Beiträge von c_bernauer

    Hallo Herr Gust,
    die Begründung für ihre richtige Abrechnung finden Sie im Handbuch zur Abrechnung von Fallpauschalen und Sonderentgelten (Springer-Verlag)(eigentlich ein "kassenorientiertes" Werk). Hier wird zitiert:
    "In einer Stellungnahme des Bundesministeriums für Gesundheit vom 12. Januar 1999 für eine Krankenkasse heißt es dazu: Die korrekte Verschlüsselung einer Ballondilatation mit Stenteinlage nach dem OPS-301, d.h. die Dokumentation beider OPS-Codes, begründet keinen Ausschluß für die Abrechnung dieser Leistungen mit einem Sondernegelt der Gruppe 20 und 21. Maßgeblicher Eingriff ist die Ballondilatation, für die auf Grund der derzeitigen Fassung des OPS-301 stets die Schlüsselnummer 8-837.0 anzugeben ist und zwar unabhängig davon, ob dabei ein Stent eingelegt wurde oder nicht.
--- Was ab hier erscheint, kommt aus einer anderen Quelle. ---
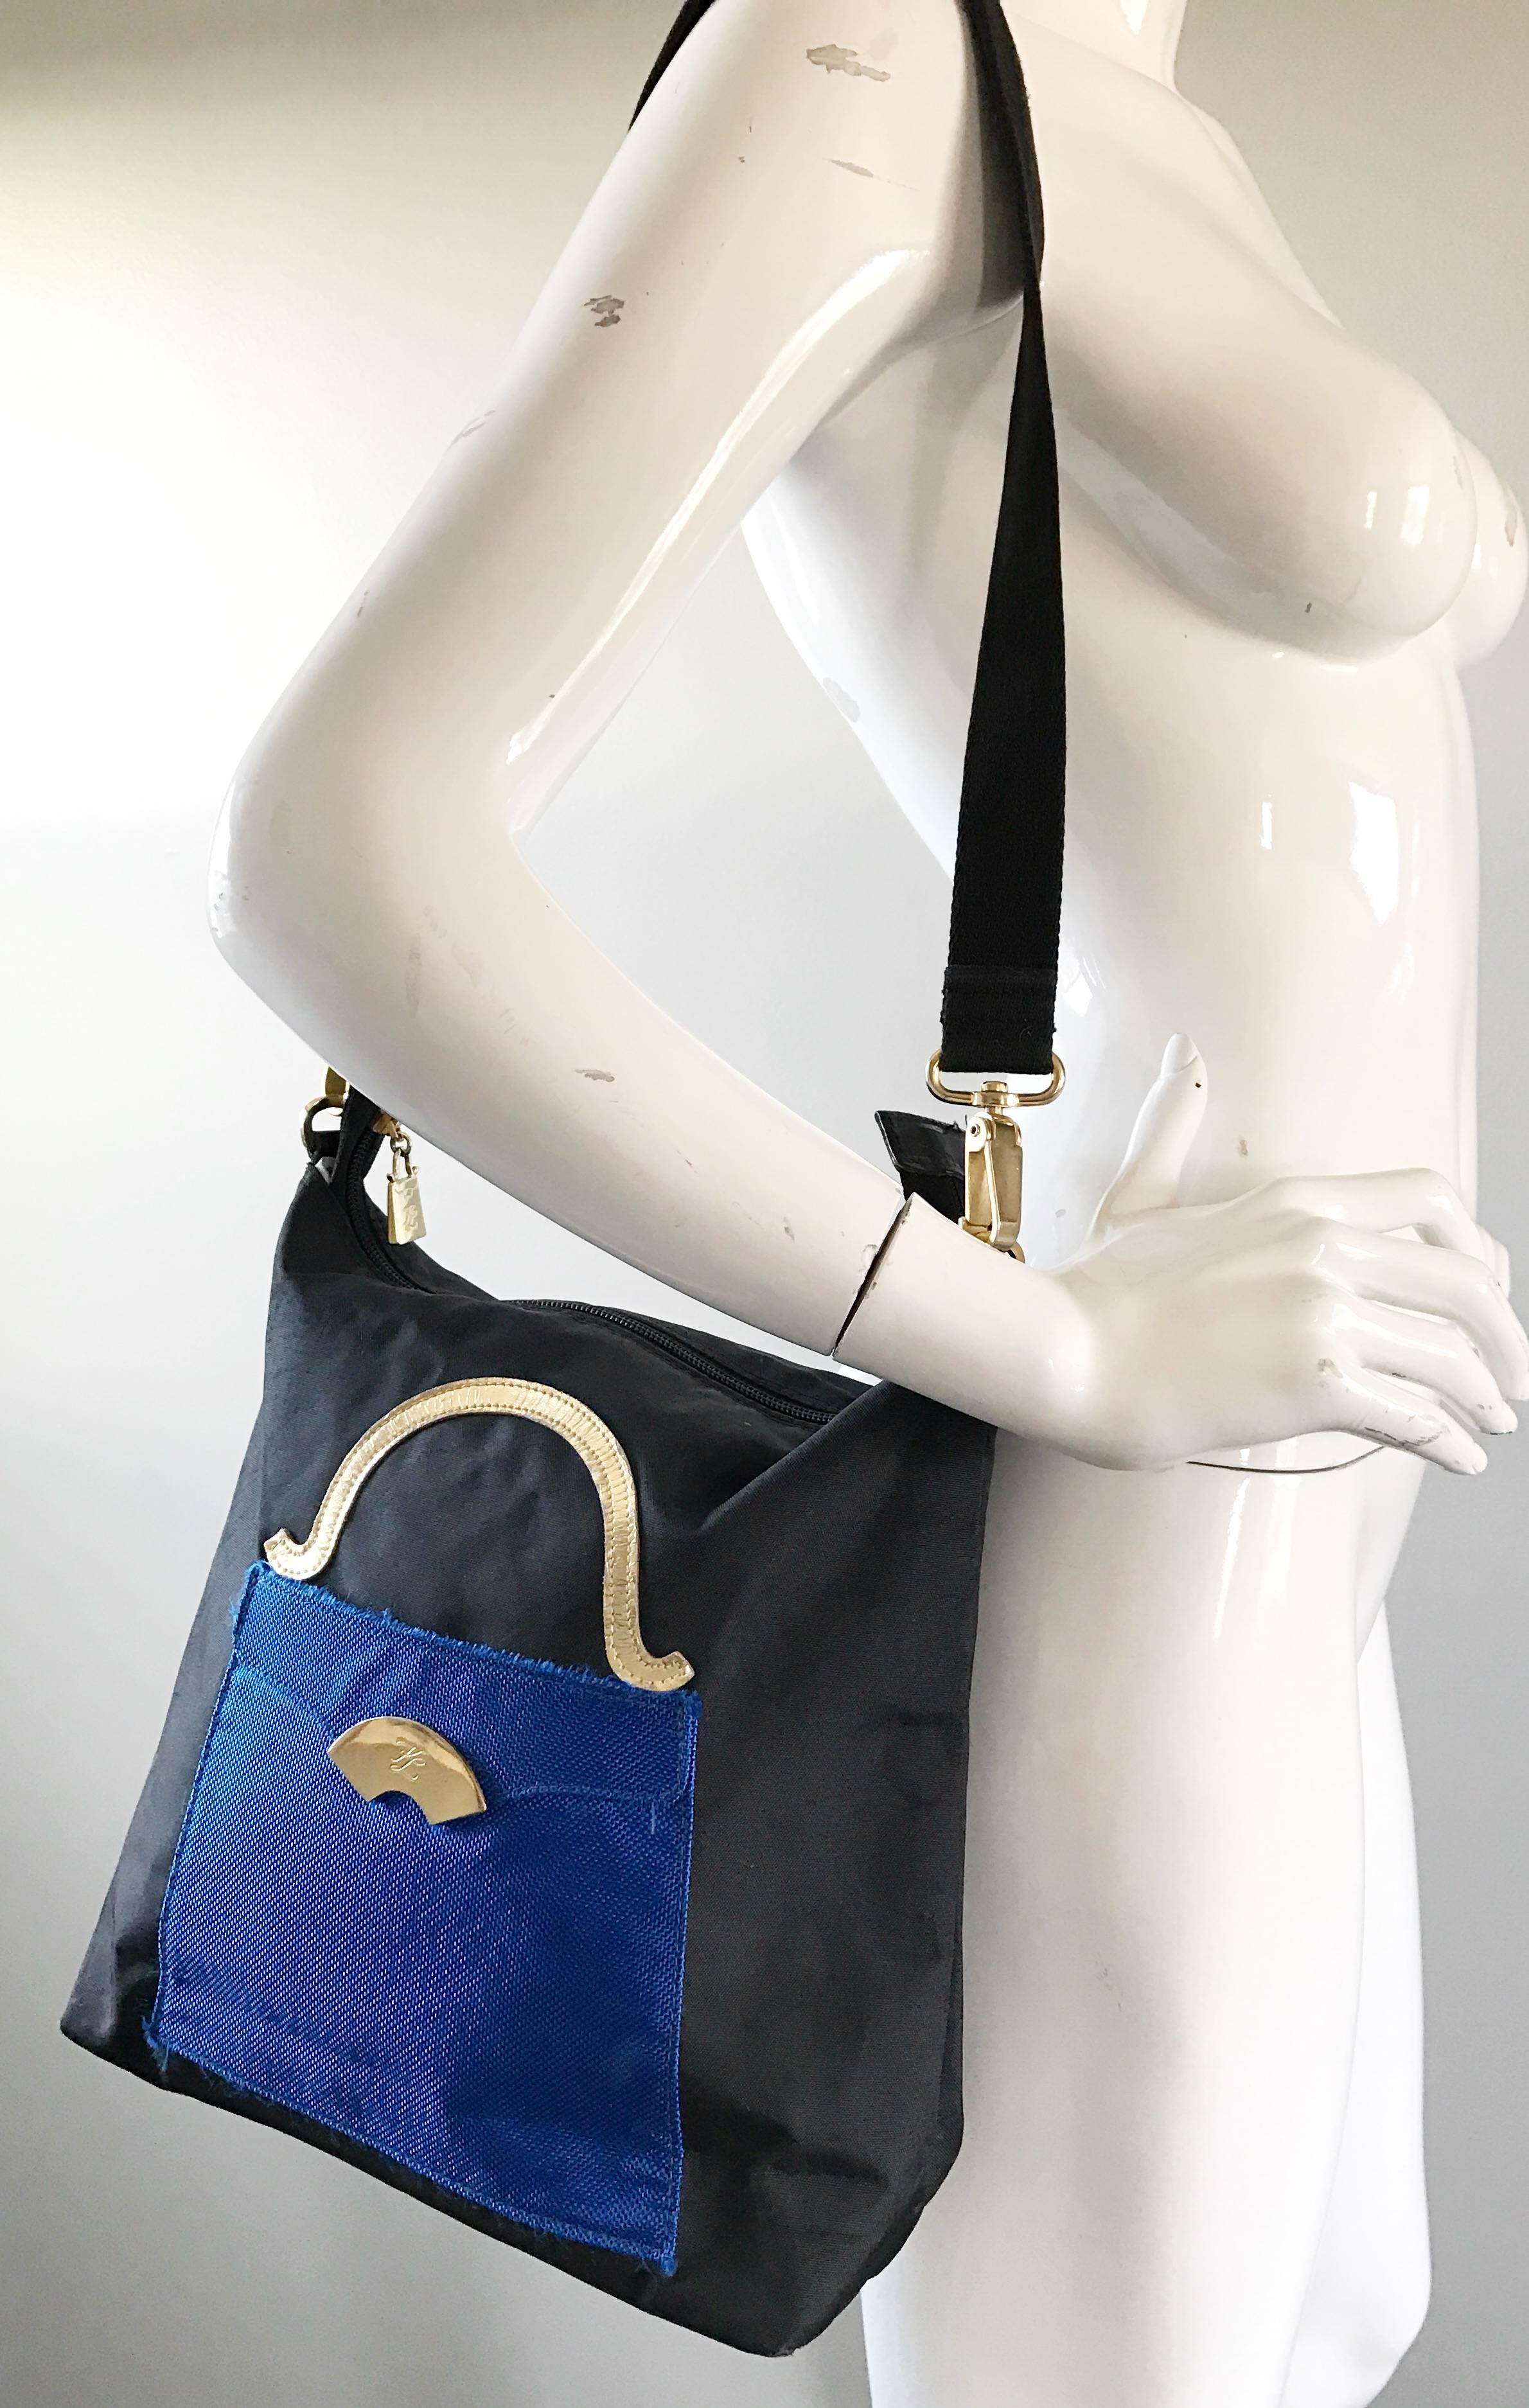 Amazing 90s KARL LAGERFELD nylon trompe l'oeil handbag! Features a purse on a purse! Vibrant royal blue and black with white gold leather. 'KL' plaque at center. Blue section features a behind pocket. Zipper top secures everything, and features an

Das heißt, auch wenn im Rahmen einer Ballondilatation eine Stenteinlage erfolgt, wird die Gesamtleistung über ein Sonderentgelt abgerechnet.

    Wir erleben leider auch immer wieder, dass man im Laufe der Jahre über x-extra Regelungen und Stellungnahmen auf eine bestimmte Abrechnung kommt, die Anpassung der Schlüssel oder Entgeltkataloge aber nicht nachgezogen wird und dann, wenn man bereits vergessen hat, weshalb und wieso genauso abgerechnet wird, Kasse oder MDK kommt und wieder alles in Frage stellt. Solche "Irritationen" wären allerdings vermeidbar gewesen, wenn die Selbstverwaltung entweder im OPS-301 einen Hinweis angebracht hätte, dass Stent und Dilatation getrennt zu verschlüsseln sind, oder alternativ die Stent-Ziffer in die Sonderentgeltdefiniton aufgenommen worden wäre. Die Begründung des MDK's an sich ist an dieser Stelle ja auch nicht falsch. Ich ärgere mich allerdings regelmäßig über Aussagen zur Abrechnung, weil ich schon öfters erlebt habe dass Stellungnahmen des BMG oder BSG-Urteile dem MDK entweder nicht bekannt sind oder aber ignoriert werden.
    Viele Grüße aus Heidenheim
    Christa Bernauer
    Med. Doku
    Kreiskrankenhaus Heidenheim

    Hallo Herr Sommerhäuser,
    meines Erachtens ist die Abrechnung mit FP 12.09 richtig.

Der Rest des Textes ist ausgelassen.